■ **What to work on**: Retype exactly, and only, the lines from the one that contains "Steel Toe Internal Met Guard Work Boot" through the final line of the entries.

■ **Record extracts**:

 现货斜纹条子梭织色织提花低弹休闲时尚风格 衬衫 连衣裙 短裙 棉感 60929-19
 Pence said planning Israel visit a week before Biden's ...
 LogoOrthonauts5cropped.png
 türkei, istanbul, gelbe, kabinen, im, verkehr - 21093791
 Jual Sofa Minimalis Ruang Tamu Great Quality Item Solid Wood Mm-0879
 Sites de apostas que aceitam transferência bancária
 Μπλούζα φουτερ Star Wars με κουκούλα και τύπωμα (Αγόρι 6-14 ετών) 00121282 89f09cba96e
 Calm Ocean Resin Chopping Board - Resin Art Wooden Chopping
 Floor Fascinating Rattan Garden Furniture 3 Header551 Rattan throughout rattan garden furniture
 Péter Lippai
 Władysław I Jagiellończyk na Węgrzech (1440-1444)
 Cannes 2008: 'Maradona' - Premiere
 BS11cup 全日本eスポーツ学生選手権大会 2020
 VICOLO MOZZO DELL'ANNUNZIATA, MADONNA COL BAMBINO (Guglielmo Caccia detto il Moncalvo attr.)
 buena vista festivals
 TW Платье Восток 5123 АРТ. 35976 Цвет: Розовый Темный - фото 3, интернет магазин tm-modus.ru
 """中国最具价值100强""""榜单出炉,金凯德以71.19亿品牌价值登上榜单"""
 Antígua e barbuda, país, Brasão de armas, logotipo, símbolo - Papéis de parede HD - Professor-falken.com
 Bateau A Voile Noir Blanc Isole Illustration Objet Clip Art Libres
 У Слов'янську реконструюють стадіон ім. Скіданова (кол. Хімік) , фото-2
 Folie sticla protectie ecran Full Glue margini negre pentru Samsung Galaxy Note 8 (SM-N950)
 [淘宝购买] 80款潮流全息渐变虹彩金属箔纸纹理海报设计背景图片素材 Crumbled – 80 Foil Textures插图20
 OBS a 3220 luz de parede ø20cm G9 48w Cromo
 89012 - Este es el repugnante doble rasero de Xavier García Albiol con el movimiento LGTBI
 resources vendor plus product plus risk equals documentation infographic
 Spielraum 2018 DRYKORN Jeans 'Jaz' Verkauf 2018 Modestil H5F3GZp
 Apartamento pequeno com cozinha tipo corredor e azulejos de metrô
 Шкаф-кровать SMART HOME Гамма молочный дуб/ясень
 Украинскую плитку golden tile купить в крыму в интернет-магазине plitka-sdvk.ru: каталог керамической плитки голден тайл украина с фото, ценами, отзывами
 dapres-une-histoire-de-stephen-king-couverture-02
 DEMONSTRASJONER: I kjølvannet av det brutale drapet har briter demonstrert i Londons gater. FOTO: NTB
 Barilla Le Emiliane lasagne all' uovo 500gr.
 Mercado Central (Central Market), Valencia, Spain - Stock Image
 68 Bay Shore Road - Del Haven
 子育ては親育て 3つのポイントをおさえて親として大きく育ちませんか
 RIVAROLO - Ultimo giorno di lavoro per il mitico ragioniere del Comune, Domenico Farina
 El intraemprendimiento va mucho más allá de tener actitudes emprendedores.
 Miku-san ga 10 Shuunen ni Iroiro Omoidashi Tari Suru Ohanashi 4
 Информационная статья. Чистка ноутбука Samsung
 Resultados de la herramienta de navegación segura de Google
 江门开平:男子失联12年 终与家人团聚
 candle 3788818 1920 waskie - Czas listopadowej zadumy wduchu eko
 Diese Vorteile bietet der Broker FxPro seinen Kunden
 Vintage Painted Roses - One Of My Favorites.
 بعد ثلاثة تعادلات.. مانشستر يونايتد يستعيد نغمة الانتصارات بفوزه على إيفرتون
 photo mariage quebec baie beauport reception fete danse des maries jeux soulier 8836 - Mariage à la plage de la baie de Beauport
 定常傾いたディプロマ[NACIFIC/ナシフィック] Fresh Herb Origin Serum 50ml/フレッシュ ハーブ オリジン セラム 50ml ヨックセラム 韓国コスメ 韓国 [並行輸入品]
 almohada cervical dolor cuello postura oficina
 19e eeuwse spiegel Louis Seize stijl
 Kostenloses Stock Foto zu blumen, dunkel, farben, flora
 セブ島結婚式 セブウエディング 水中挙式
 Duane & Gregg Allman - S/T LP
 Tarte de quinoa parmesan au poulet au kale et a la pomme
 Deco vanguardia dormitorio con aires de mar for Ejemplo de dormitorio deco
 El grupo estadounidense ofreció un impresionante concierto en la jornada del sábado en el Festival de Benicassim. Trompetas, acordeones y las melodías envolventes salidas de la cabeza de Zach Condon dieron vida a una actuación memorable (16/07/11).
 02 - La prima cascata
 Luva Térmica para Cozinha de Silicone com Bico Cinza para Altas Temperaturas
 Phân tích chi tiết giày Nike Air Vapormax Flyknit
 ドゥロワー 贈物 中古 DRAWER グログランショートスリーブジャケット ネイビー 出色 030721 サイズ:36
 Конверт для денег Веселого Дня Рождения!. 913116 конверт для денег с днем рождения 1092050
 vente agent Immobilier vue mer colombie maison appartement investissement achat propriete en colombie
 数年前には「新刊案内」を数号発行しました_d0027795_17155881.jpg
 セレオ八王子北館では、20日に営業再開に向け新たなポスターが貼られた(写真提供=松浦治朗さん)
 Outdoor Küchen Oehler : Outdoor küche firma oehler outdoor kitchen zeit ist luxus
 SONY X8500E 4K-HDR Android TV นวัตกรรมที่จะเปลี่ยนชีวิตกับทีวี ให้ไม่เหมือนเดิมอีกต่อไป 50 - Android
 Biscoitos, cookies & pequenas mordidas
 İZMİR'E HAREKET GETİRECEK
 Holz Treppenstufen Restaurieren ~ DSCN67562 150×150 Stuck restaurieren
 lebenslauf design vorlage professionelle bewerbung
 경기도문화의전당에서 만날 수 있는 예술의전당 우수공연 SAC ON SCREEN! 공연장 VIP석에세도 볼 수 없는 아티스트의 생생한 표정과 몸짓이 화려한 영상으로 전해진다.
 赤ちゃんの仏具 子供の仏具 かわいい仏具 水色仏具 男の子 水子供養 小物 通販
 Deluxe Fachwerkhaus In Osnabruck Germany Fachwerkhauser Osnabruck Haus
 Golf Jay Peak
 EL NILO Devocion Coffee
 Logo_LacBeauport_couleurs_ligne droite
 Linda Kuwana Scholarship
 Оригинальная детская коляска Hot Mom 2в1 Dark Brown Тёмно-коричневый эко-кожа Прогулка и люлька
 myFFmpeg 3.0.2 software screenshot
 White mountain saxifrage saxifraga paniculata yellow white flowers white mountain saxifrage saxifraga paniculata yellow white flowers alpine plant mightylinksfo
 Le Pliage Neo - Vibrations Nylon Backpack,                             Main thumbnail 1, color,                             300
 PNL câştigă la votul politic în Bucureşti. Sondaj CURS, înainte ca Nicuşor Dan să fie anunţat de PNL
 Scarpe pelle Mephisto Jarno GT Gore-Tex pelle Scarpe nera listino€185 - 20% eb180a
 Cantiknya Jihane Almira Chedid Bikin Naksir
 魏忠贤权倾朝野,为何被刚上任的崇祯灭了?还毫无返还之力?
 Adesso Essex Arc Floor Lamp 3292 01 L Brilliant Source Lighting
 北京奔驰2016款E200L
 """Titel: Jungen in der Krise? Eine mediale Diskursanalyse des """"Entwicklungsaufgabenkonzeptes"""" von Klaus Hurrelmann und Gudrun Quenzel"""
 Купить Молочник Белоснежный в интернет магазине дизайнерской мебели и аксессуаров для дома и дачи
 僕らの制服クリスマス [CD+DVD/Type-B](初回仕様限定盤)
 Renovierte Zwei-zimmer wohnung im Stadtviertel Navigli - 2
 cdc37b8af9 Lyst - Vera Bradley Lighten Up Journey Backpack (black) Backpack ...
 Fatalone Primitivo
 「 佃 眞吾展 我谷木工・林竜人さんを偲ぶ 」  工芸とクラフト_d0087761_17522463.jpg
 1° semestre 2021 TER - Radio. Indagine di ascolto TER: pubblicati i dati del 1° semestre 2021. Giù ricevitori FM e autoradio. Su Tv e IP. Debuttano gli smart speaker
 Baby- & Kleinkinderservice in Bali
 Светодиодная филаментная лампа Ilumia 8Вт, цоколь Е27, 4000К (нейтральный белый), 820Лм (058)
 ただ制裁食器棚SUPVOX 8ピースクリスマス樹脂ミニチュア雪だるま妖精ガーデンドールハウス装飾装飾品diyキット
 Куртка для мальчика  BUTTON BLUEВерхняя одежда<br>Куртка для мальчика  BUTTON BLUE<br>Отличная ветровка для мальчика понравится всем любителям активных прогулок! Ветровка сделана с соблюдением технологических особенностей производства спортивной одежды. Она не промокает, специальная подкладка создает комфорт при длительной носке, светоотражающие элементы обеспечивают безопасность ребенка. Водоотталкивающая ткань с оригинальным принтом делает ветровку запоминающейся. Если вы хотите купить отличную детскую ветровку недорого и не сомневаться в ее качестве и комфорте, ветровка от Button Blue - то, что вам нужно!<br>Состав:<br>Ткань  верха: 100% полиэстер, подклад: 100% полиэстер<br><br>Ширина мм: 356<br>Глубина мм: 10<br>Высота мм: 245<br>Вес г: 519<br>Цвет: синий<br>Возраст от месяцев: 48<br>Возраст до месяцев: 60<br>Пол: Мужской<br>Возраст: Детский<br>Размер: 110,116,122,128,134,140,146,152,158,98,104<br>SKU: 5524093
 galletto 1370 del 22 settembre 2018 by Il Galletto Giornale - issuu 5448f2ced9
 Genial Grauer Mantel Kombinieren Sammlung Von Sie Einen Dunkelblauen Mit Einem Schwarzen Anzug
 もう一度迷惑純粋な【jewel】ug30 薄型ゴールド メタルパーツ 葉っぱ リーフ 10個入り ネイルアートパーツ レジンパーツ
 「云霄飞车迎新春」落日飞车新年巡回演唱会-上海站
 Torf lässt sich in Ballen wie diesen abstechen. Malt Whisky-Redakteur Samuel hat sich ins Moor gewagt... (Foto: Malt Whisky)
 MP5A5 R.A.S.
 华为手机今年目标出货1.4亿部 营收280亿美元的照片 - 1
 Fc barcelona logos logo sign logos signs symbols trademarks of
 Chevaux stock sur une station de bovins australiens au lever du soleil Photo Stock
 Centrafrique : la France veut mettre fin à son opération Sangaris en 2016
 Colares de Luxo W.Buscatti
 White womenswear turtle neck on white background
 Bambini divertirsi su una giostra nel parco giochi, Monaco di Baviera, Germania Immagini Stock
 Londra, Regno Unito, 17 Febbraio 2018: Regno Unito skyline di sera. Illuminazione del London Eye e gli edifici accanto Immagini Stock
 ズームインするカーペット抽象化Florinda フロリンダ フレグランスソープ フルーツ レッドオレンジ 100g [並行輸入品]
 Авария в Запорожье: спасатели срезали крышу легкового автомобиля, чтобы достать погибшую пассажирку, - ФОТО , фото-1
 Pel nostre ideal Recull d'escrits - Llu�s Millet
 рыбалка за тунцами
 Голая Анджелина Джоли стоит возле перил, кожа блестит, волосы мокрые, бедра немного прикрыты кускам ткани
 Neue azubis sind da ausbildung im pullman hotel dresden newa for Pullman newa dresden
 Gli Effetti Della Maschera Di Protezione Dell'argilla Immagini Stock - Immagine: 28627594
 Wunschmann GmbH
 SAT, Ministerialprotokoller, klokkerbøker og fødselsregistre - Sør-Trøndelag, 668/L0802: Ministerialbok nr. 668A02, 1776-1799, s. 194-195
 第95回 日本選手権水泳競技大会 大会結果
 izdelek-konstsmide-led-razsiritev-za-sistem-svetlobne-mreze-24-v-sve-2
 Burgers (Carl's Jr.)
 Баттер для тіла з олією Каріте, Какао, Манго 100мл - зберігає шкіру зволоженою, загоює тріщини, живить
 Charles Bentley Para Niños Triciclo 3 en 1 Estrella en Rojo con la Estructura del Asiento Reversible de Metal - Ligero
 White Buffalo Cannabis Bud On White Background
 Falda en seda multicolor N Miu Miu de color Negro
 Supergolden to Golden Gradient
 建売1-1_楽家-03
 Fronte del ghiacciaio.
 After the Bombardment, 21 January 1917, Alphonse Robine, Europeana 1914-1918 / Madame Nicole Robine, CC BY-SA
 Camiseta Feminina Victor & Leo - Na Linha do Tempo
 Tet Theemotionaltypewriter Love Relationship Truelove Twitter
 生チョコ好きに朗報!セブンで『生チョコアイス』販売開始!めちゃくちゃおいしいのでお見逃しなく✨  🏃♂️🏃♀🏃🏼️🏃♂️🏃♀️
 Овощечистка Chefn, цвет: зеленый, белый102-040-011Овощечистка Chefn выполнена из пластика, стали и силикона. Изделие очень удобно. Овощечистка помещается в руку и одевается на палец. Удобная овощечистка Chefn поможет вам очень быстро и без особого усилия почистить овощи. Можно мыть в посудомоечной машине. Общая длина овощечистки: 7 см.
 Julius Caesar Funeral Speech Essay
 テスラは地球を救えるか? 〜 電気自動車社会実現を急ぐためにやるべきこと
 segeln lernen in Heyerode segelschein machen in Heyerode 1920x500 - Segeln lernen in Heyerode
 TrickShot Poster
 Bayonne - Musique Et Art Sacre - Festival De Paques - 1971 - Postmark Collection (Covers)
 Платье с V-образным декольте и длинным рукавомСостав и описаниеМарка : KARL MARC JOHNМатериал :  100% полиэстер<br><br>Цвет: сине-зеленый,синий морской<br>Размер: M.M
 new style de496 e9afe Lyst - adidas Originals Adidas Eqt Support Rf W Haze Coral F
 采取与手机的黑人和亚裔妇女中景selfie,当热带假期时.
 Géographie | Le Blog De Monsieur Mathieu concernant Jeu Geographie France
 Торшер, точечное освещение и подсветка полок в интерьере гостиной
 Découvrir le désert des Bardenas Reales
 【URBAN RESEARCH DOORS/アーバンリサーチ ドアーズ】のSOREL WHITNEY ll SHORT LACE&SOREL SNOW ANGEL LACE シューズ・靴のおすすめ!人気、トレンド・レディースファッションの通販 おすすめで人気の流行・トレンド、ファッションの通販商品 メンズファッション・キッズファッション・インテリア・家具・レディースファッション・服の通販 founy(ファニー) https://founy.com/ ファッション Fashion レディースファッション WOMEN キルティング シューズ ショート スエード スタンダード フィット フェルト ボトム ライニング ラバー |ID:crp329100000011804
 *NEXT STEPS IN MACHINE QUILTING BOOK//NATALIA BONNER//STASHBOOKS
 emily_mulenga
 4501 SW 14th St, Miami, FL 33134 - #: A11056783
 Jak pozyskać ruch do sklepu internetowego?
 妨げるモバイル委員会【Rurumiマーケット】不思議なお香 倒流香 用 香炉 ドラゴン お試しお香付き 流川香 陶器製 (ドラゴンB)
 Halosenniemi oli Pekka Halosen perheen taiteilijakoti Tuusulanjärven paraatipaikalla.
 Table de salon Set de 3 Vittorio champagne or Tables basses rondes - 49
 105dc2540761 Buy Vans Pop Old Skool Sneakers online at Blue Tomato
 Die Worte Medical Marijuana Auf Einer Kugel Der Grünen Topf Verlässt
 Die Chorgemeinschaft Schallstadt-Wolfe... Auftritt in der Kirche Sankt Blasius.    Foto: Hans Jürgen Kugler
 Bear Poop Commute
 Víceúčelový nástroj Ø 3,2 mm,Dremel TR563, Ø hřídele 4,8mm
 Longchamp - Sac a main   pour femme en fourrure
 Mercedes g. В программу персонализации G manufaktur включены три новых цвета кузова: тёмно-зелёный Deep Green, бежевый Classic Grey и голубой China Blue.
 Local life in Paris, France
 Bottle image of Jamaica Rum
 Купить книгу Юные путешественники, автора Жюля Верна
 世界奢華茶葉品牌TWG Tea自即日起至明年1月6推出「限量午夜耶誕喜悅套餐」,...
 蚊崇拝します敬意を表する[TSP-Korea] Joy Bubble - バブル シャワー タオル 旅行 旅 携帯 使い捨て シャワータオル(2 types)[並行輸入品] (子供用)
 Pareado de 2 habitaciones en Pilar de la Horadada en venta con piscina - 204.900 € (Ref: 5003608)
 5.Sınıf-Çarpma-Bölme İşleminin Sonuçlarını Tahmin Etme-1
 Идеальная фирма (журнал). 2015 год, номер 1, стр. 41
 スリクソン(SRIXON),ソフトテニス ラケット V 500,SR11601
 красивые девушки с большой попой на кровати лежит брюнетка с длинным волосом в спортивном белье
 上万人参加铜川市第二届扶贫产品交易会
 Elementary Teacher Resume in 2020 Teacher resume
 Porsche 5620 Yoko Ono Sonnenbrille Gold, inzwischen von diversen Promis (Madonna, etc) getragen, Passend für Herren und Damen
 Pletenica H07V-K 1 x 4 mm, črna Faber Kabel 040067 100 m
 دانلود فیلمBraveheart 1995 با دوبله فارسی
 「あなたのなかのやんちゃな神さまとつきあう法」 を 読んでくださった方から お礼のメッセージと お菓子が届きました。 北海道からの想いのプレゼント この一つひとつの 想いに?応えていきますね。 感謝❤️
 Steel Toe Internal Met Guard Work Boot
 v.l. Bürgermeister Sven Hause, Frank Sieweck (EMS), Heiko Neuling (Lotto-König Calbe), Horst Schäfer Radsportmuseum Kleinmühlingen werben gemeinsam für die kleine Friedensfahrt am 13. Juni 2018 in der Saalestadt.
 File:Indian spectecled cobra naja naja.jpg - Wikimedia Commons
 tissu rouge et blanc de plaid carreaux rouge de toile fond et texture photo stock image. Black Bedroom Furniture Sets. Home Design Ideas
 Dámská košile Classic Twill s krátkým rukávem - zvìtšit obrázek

■ **Written response**:
 Steel Toe Internal Met Guard Work Boot
 v.l. Bürgermeister Sven Hause, Frank Sieweck (EMS), Heiko Neuling (Lotto-König Calbe), Horst Schäfer Radsportmuseum Kleinmühlingen werben gemeinsam für die kleine Friedensfahrt am 13. Juni 2018 in der Saalestadt.
 File:Indian spectecled cobra naja naja.jpg - Wikimedia Commons
 tissu rouge et blanc de plaid carreaux rouge de toile fond et texture photo stock image. Black Bedroom Furniture Sets. Home Design Ideas
 Dámská košile Classic Twill s krátkým rukávem - zvìtšit obrázek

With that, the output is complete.